▶ [Provided material]:
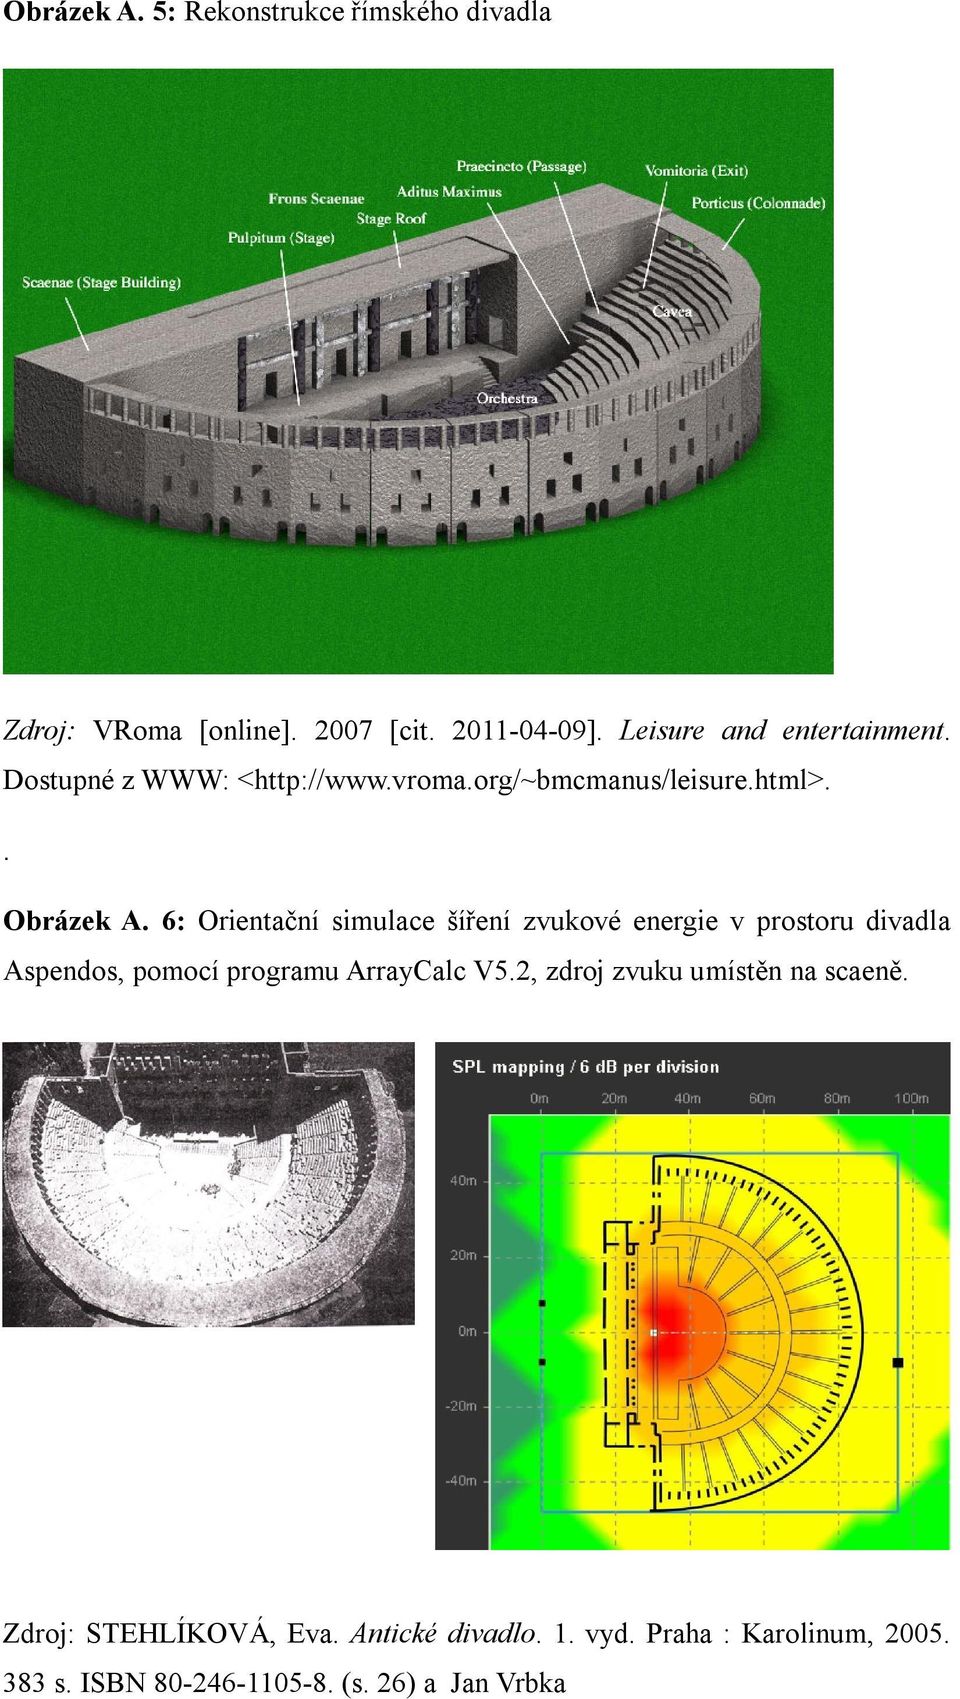 6: Orientační simulace šíření zvukové energie v prostoru divadla Aspendos, pomocí programu ArrayCalc V5.
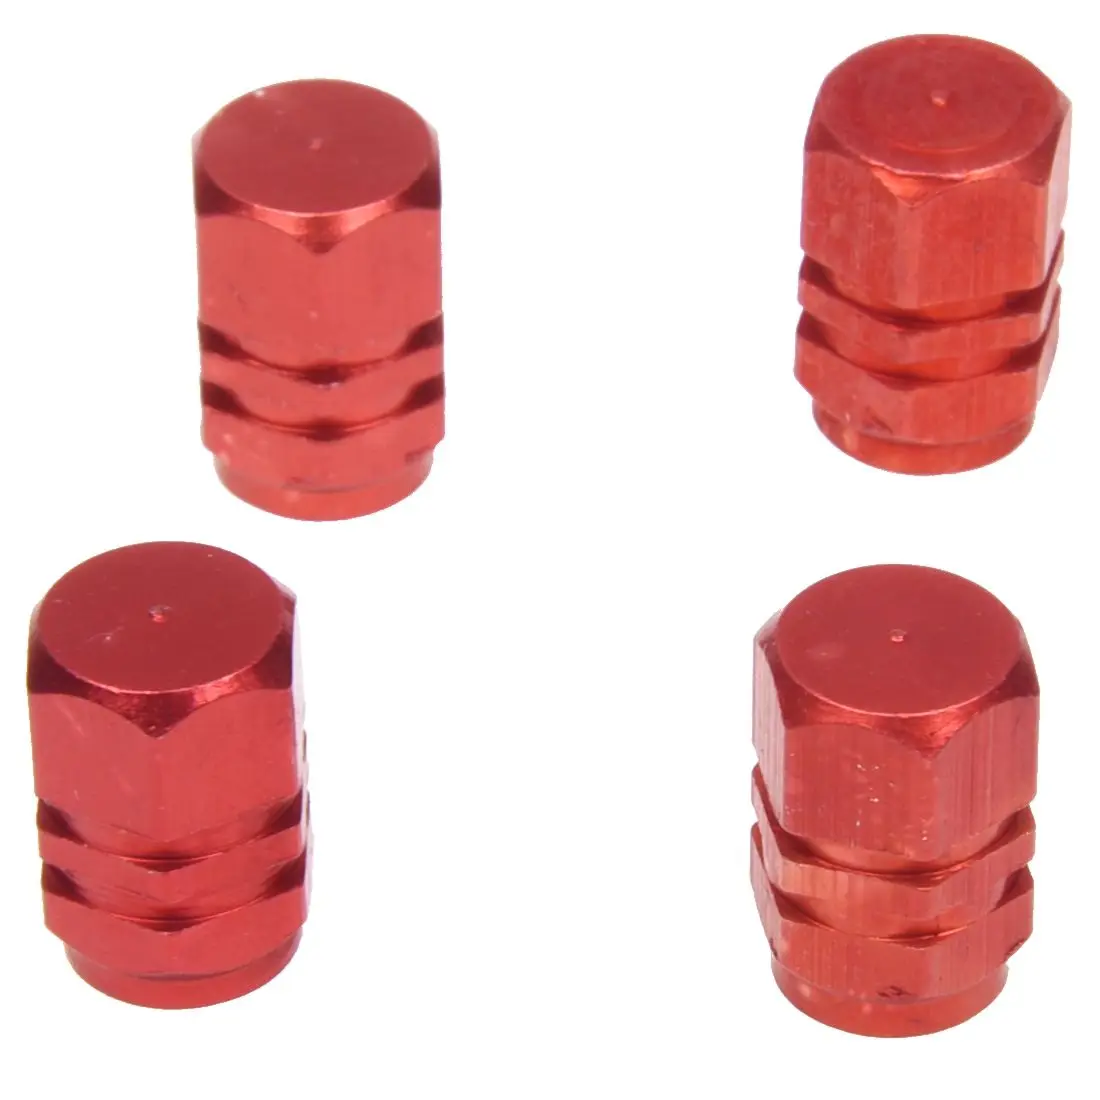 Красные колпачки воздушного клапана для шин подходят для всех клапанов Schrader(упаковка из 4
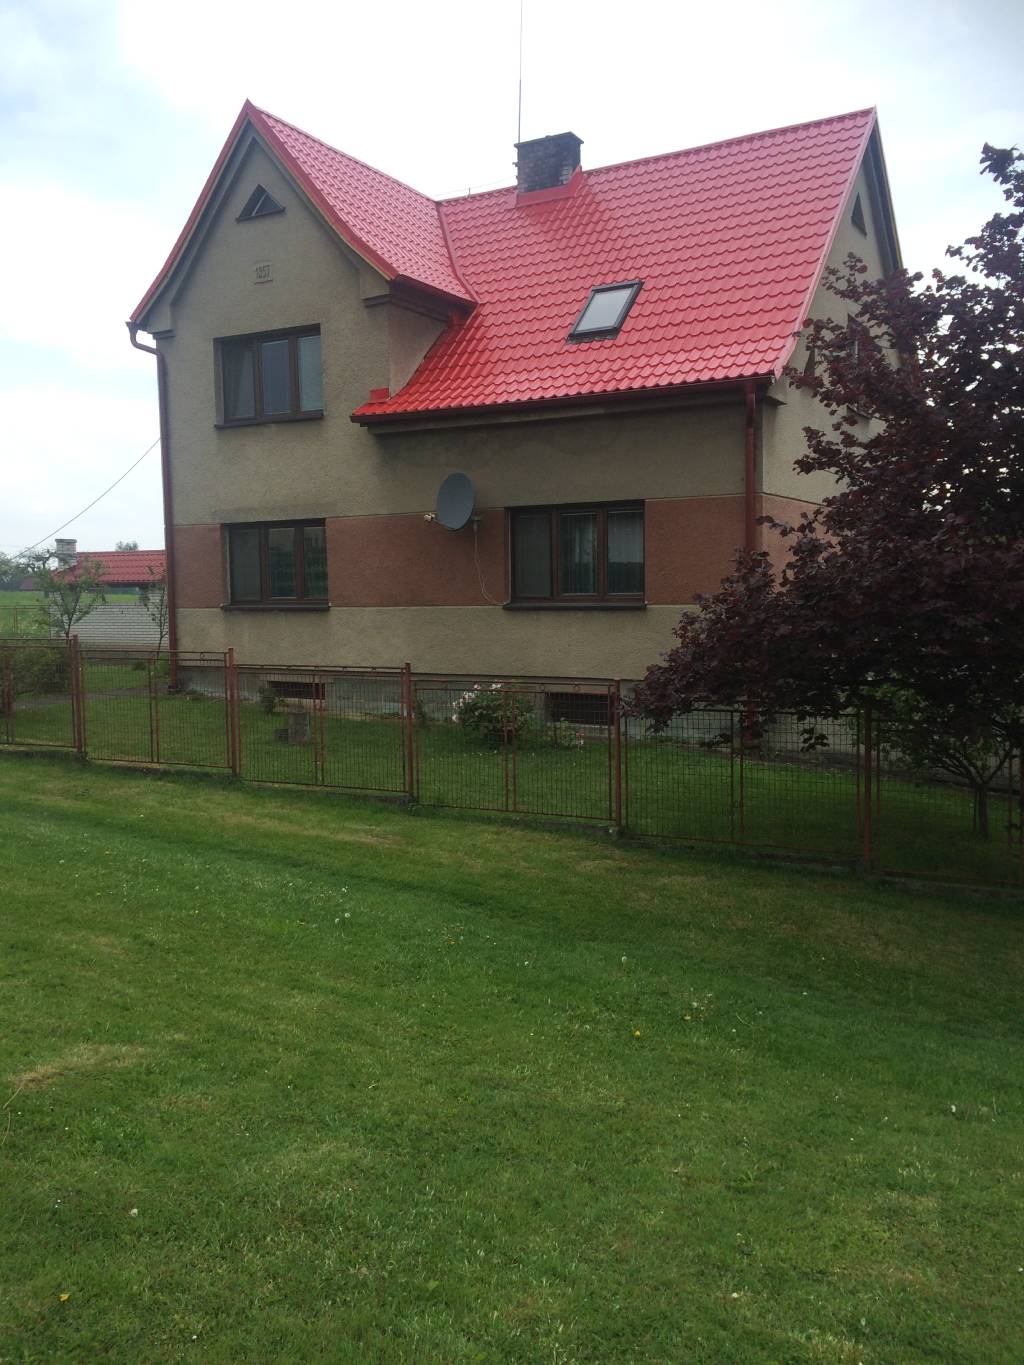 Rekonstrukce střechy, Rodinný dům v Opavě | RoofMont.cz

▶ [Task instructions]:
Please, leaving out all pictures, transcribe exactly the lines above from the one containing "Красные колпачки воздушного" through the final line, both included.

▶ [Task result]:
 Красные колпачки воздушного клапана для шин подходят для всех клапанов Schrader(упаковка из 4
 Rekonstrukce střechy, Rodinný dům v Opavě | RoofMont.cz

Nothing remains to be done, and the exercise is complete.